Additionally, Early stopping and Dropout regularization were added to prevent overfitting.

The notebook contains a first section with parameters that can be tuned, those are:

  • n_past_total: number of total past observations from the original dataset to be considered.
  • n_past: number of past observations to be considered for the LSTM training and prediction.
  • n_future: number of future datapoints to predict (if 1, the model is Single-Step, if higher than 1 it becomes Multi-Step).
  • activation: activation function used for the RNN.
  • dropout: dropout for the hidden layers.
  • n_layers: number of hidden layers.
  • n_neurons: number of neurons in the hidden layers.
  • features: inputs (if only input is Close, the model is Univariate; if more, then it's Multivariate).
  • patience: number of epochs with no improvement after which training will be stopped.
  • optimizer: optimization method used for training the model.

The main output is the BTC Price for the n_future observations. E.g.: if n_future is equal to 10, the model will return the BTC predicted price for the next 10 days from the last observation recorded.

Run

Requirements

  1. Python 3.5 or higher
  2. Python libraries (pip install): numpy, pandas, datetime, math, matplotlib, keras, sklearn and plotly.

Clone this repo

git clone https://github.com/sjuanandres0/crypto.git

Dataset

If you want to use the model with more recent data, you can retrieve it from Yahoo Finance BTC-USD and overwrite the 'data/yahoo_BTC-USD.csv' file.

Else, there is already data up to 10th of June of 2021.

Script

  1. Launch Jupyter Notebook
  2. Open the Main.ipynb
  3. Run them cell by cell to understand what is going on. Markdown and comments will help you understand each line of code. Note that you can tweak the parameters in section 'Parameter settings'.
  4. Output. After running the script, a folder will be generated containing the plots for Loss, Accuracy, Validation and Predictions, a csv with the predictions and the regressor in .h5 format in case it would be needed in the future to predict new values (with different inputs).

Results

The results do not look very promising.

By looking at the Loss and Accuracy plots, we would like to see the true and the validation lines to converge. However, they are not precisely converging as much as we would like, but we would expect that due to techniques to prevent overfitting.

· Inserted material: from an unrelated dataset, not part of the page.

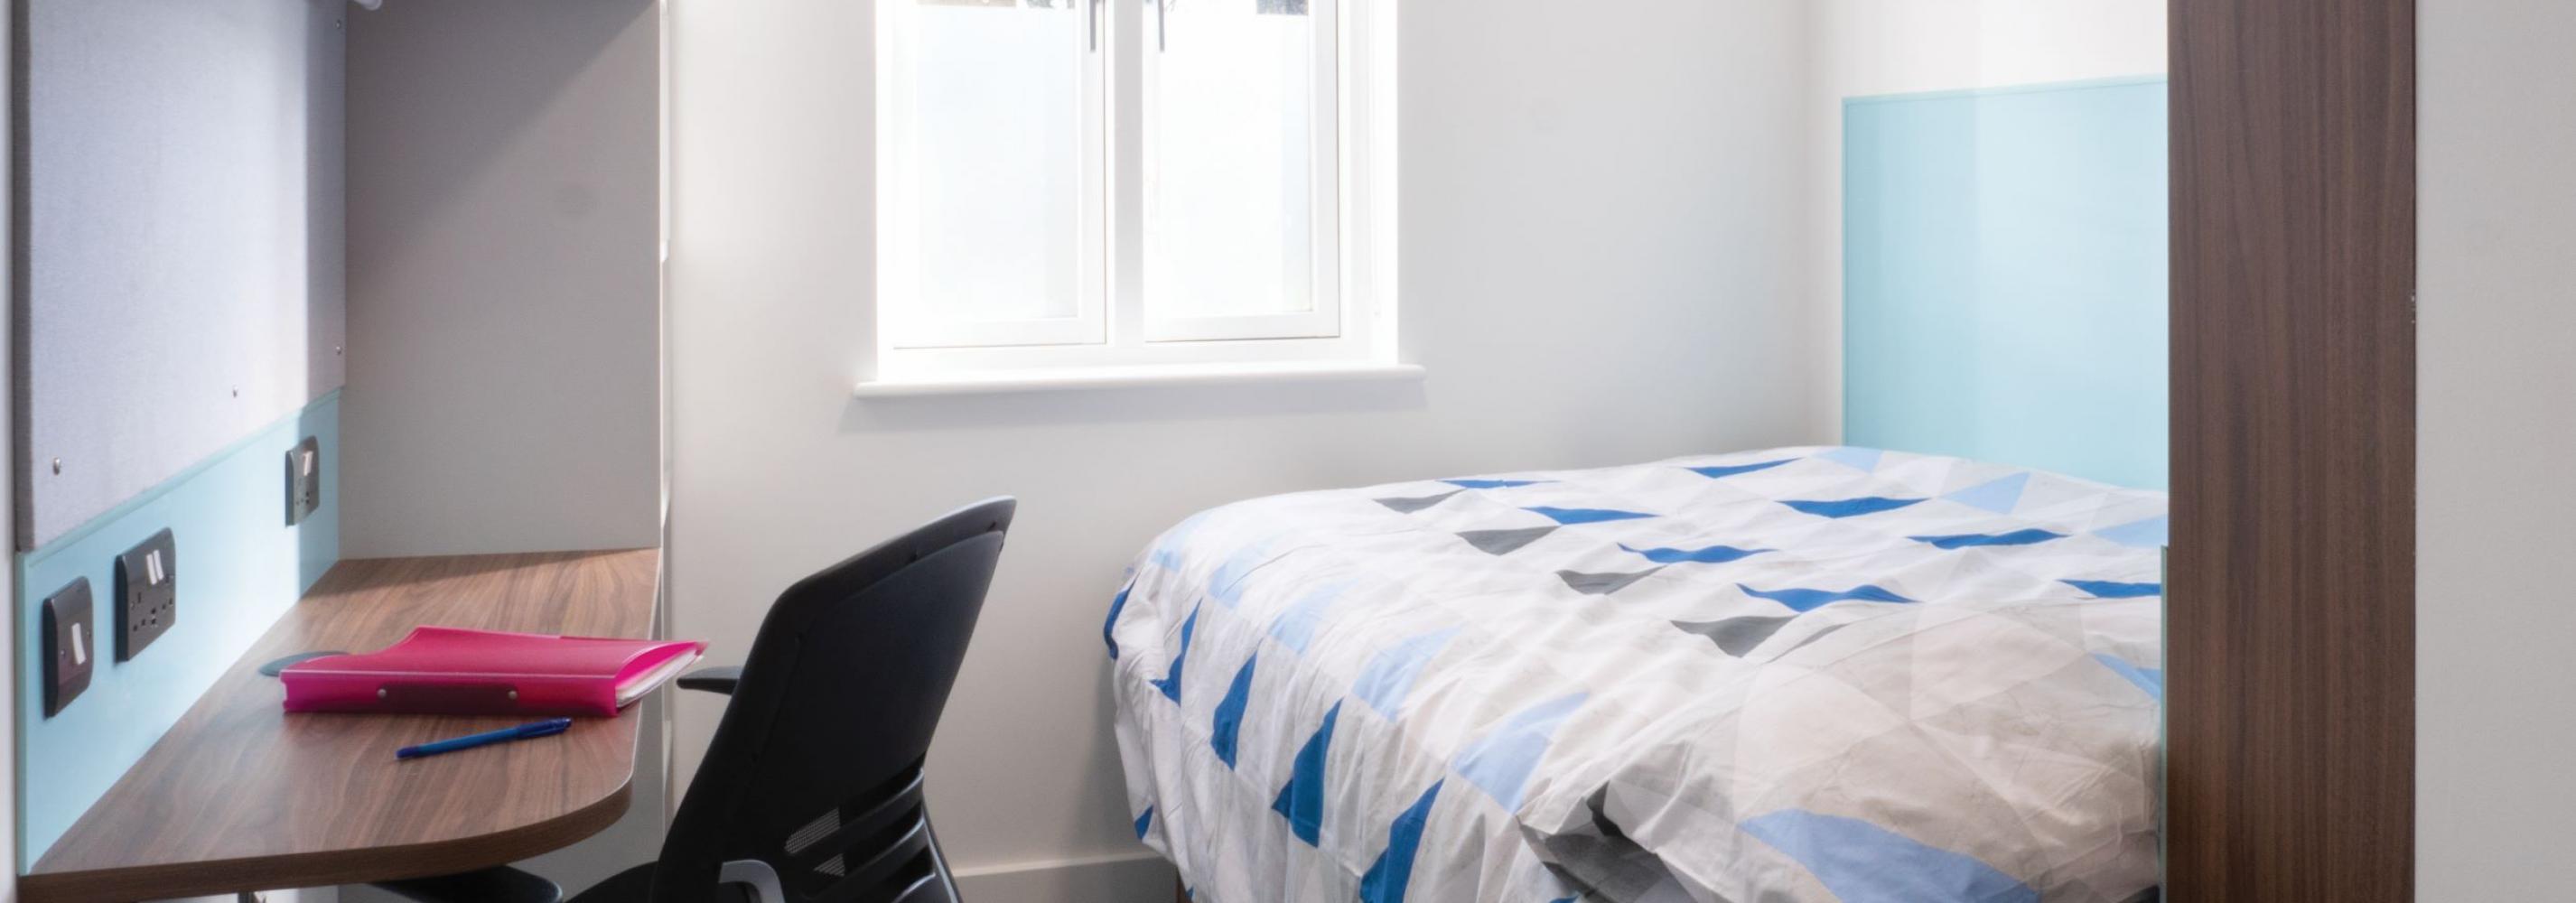 White bedroom with wood and blue accents. Small double bed facing the window. Blue blinds above the window. A desk, desk chair and wall shelving to the left.

Trying with different parameters and RNN architecture in the given time was not possible to improve the model performance much more. This is attributable to the high volatility of BTC Price, being this highly dependent on external factors rather than its own price and volume. For example, Elon Musk's tweets, countries releasing approval/restrictions, companies adopting BTC (VISA, PayPal, Tesla, etc).

Article on Medium

Link

Built with

Versioning

We use Git for versioning.

Documentation

A wide variety of sources were used. You may find useful links in links_useful.md.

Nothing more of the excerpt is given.